══ MATERIAL FOR THIS EXERCISE ══
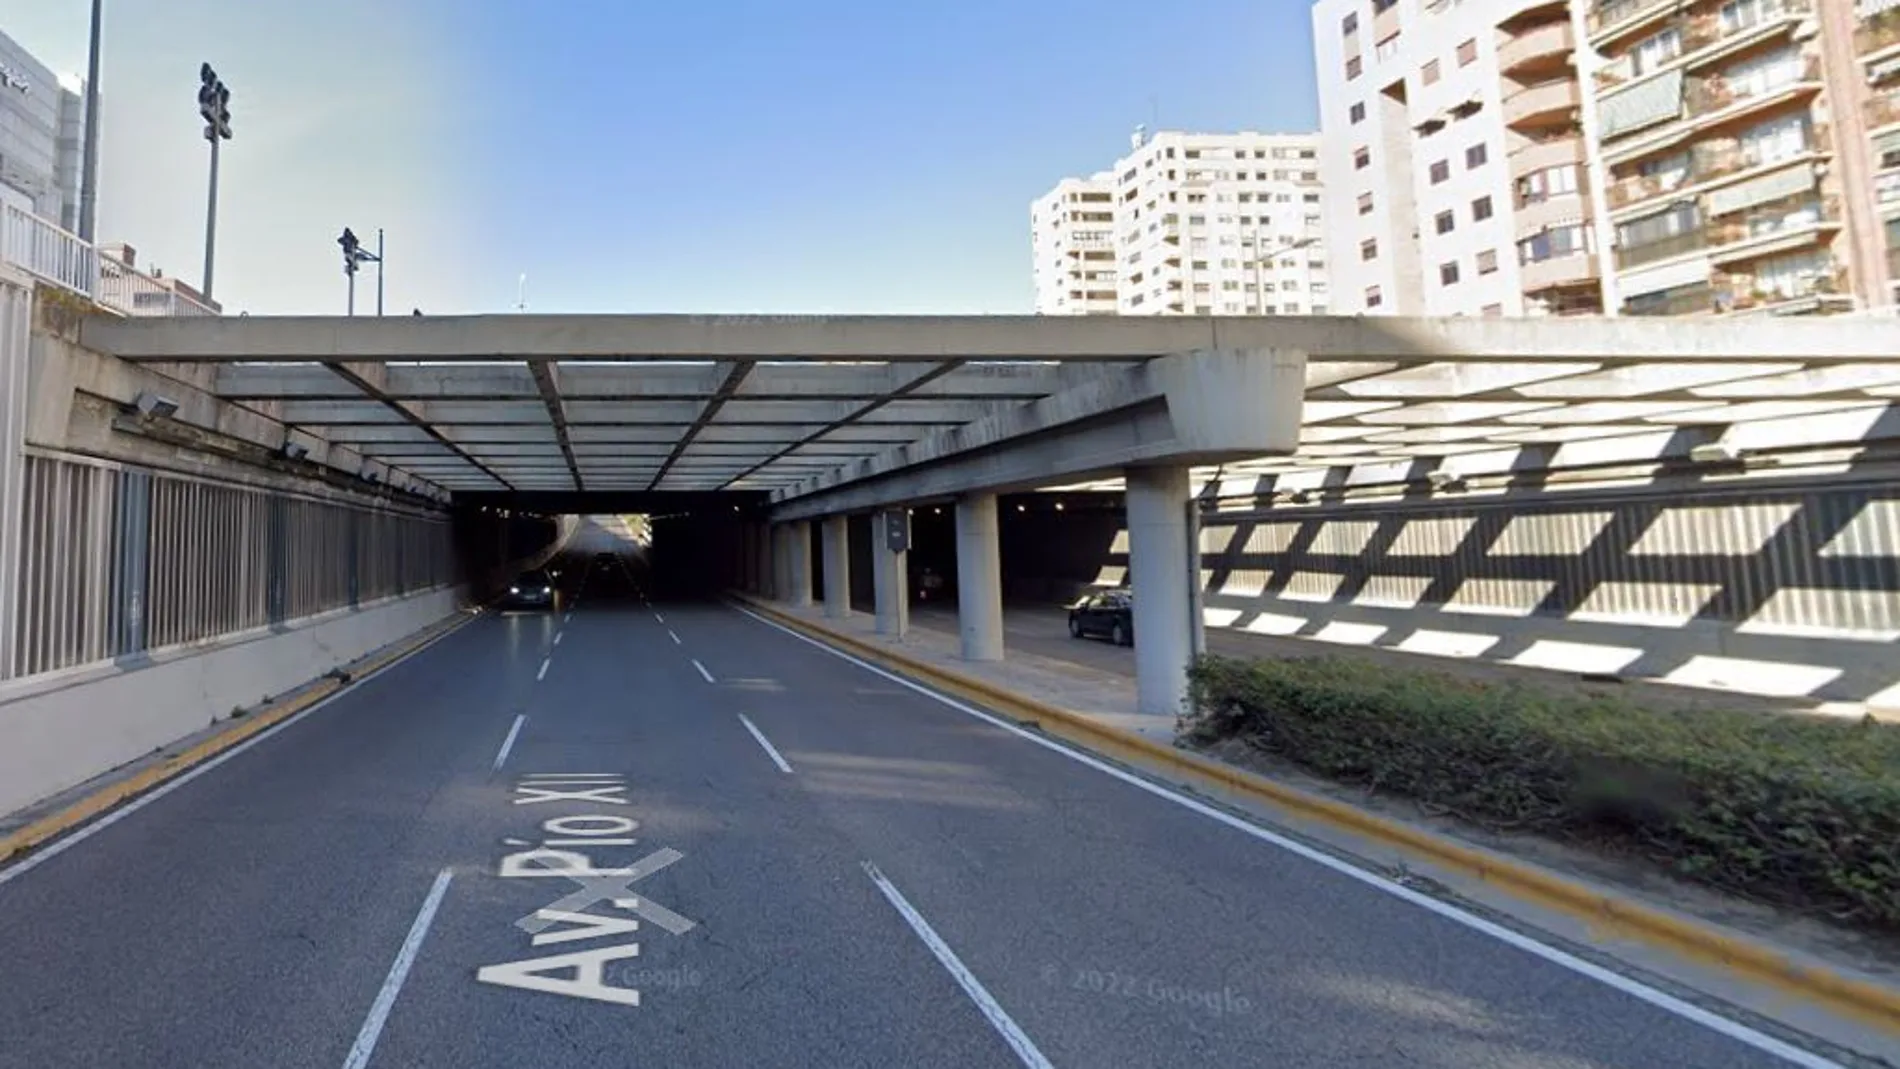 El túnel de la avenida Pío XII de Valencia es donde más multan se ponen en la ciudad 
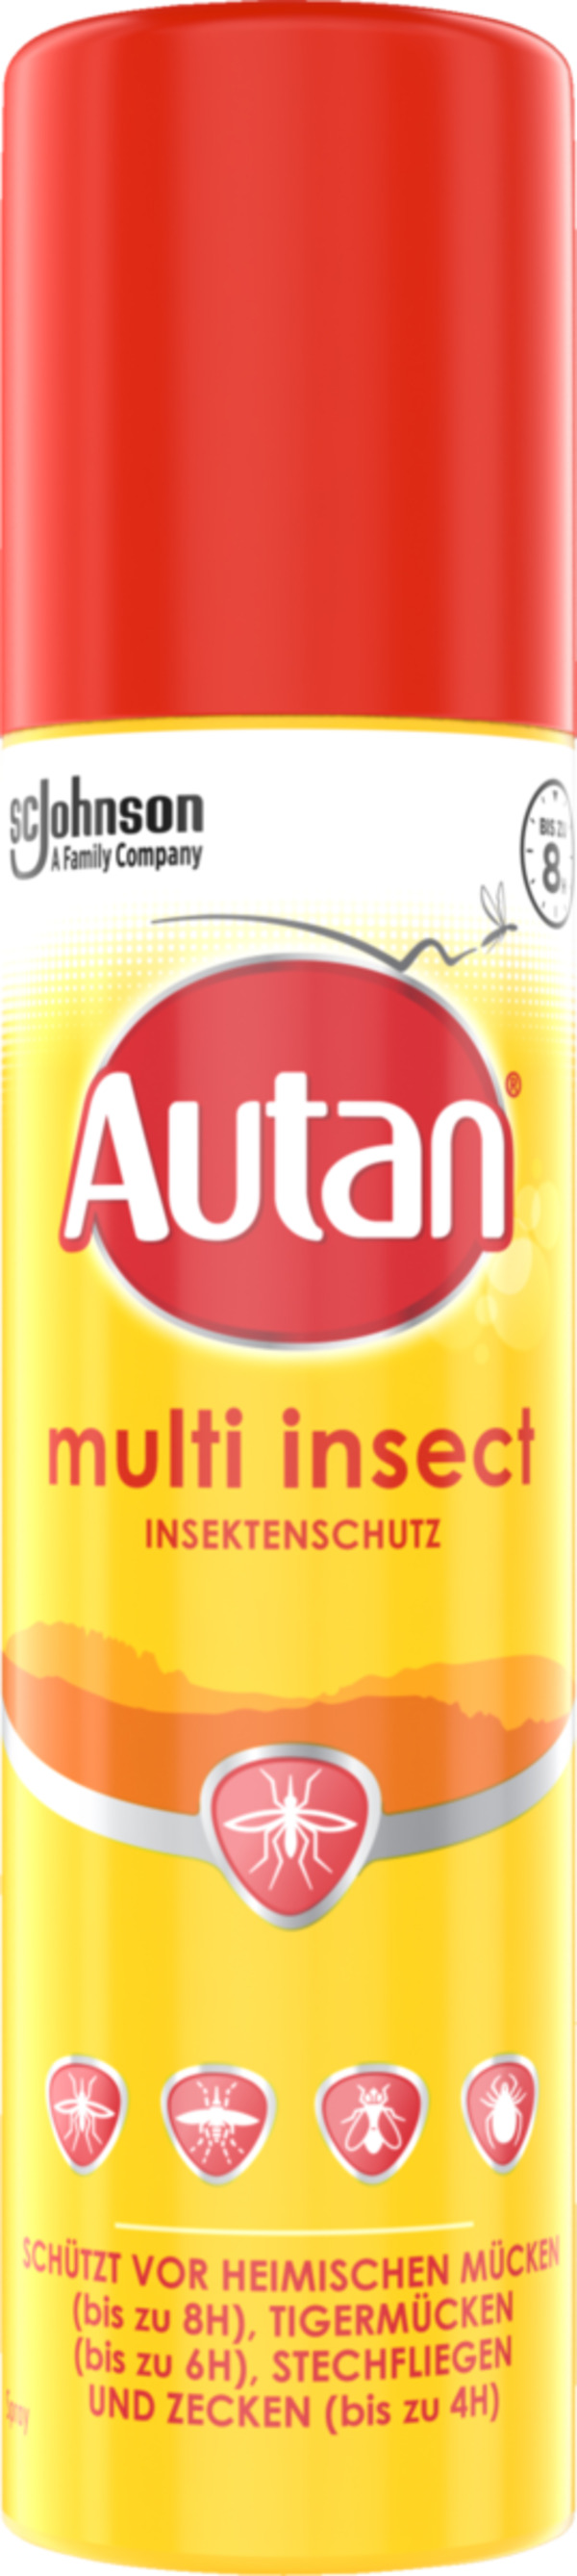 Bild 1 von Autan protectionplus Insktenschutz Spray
═══
══ MATERIAL FOR THIS EXERCISE ══
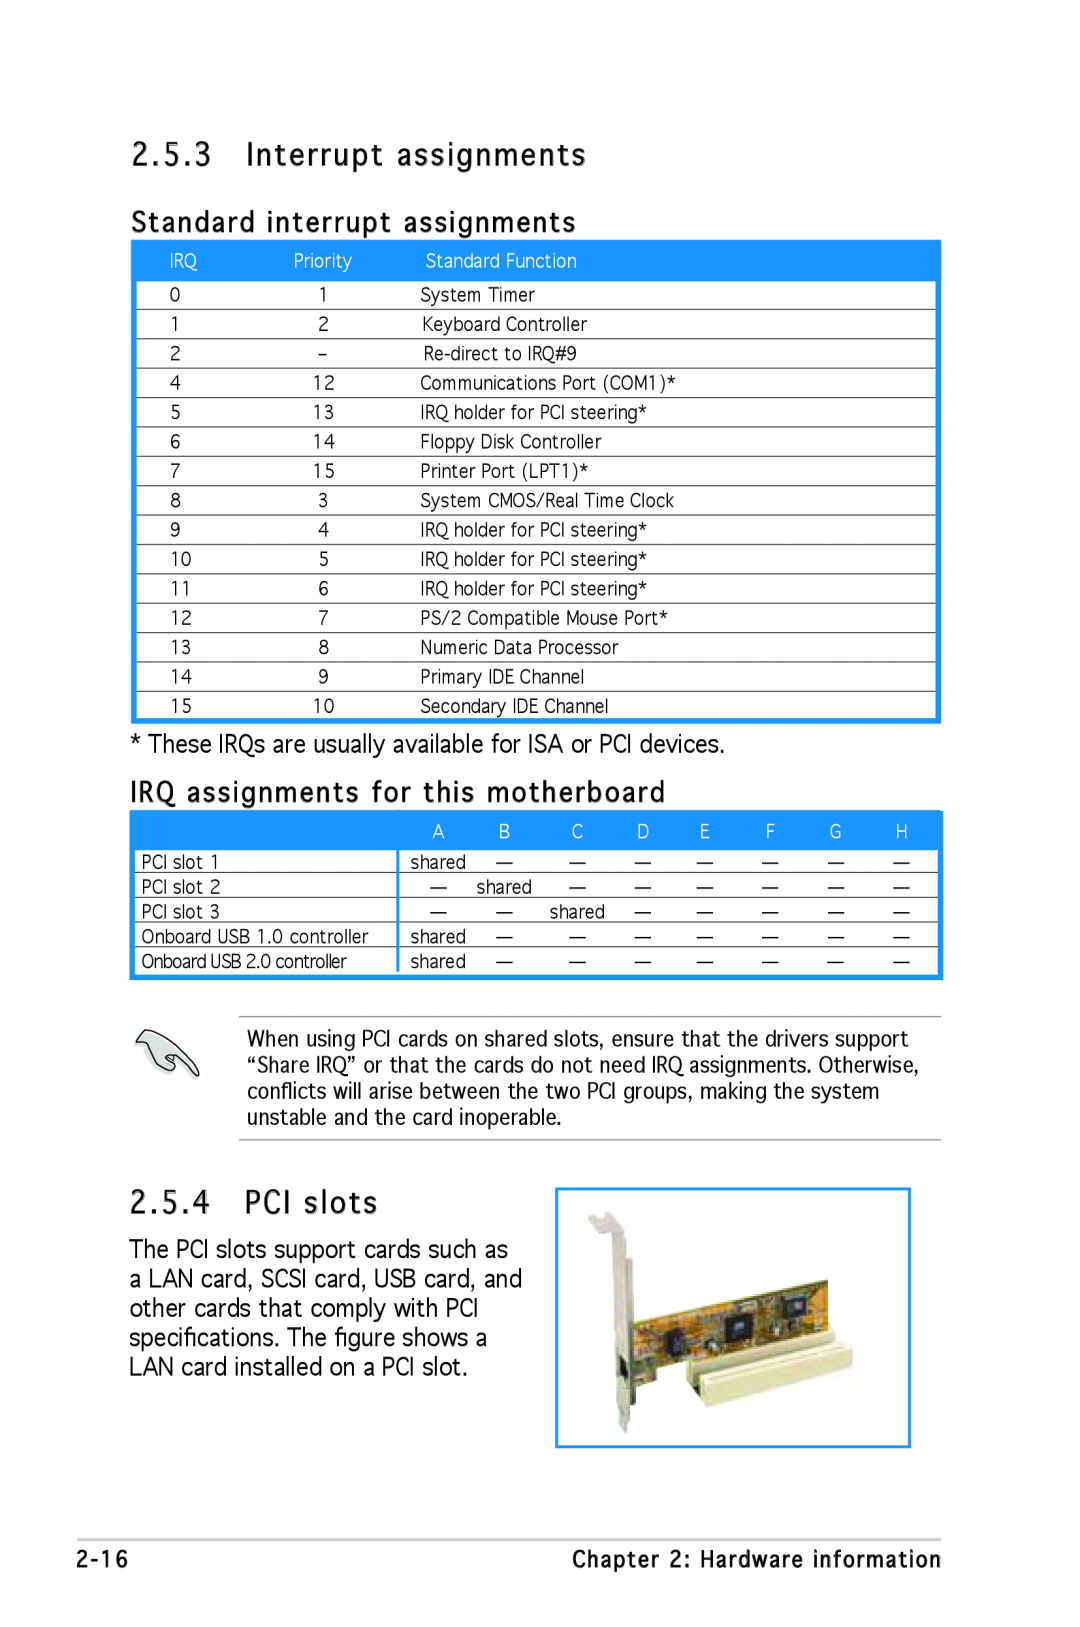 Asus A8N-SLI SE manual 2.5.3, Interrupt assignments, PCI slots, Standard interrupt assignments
═══
══ MATERIAL FOR THIS EXERCISE ══
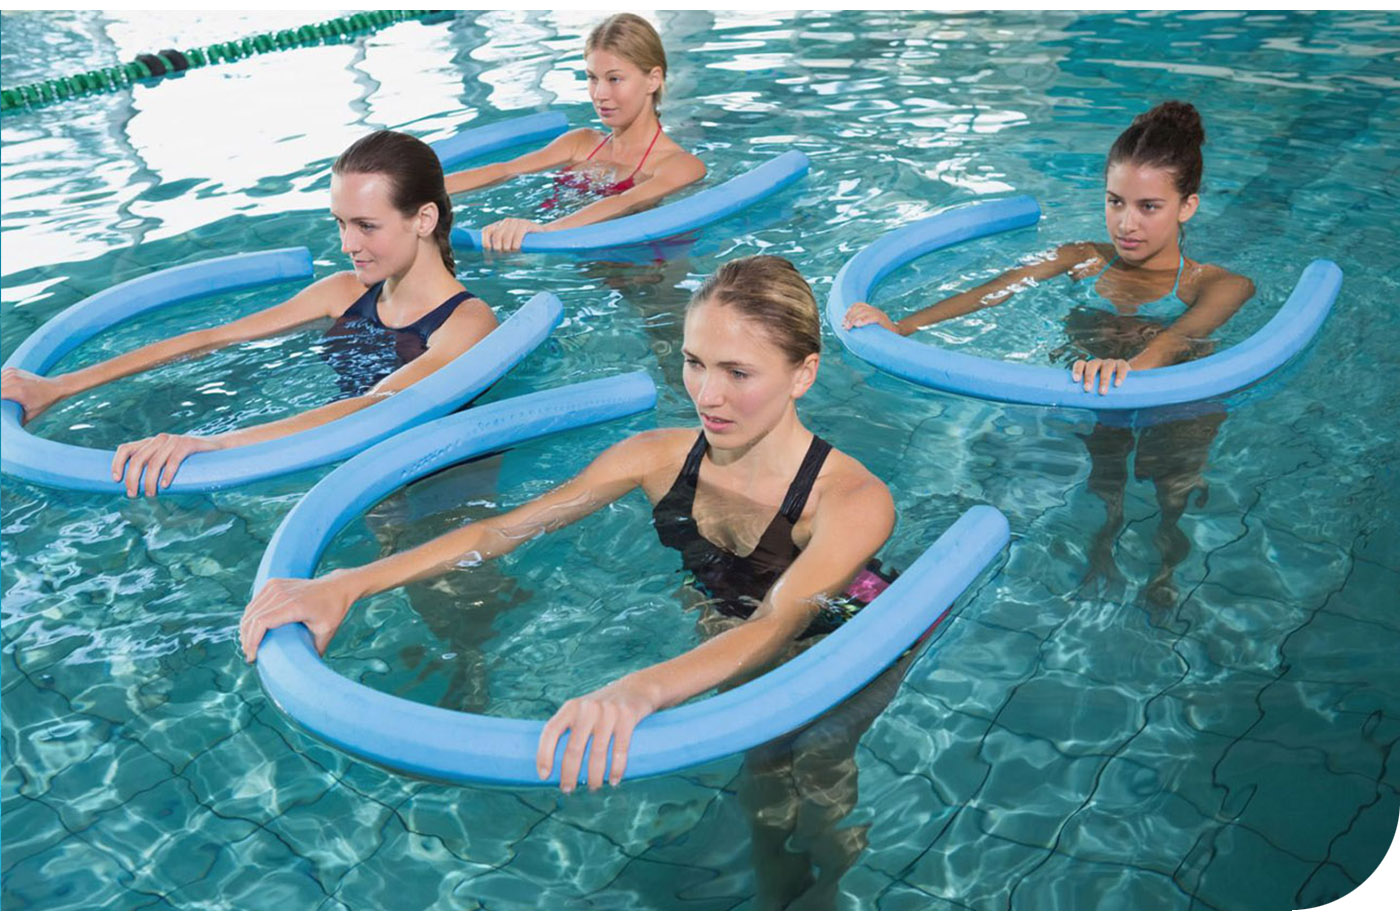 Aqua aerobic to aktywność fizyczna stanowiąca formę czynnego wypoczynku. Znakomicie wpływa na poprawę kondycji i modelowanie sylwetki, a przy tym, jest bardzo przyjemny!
═══
- _YOUR GOAL_:
Both the line containing "El túnel de" and the line containing "Bild 1 von Autan" above belong in the output, as do the lines between them. Print them exactly, without pictures.

- _EXERCISE OUTPUT_:
 El túnel de la avenida Pío XII de Valencia es donde más multan se ponen en la ciudad 
 Bild 1 von Autan protectionplus Insktenschutz Spray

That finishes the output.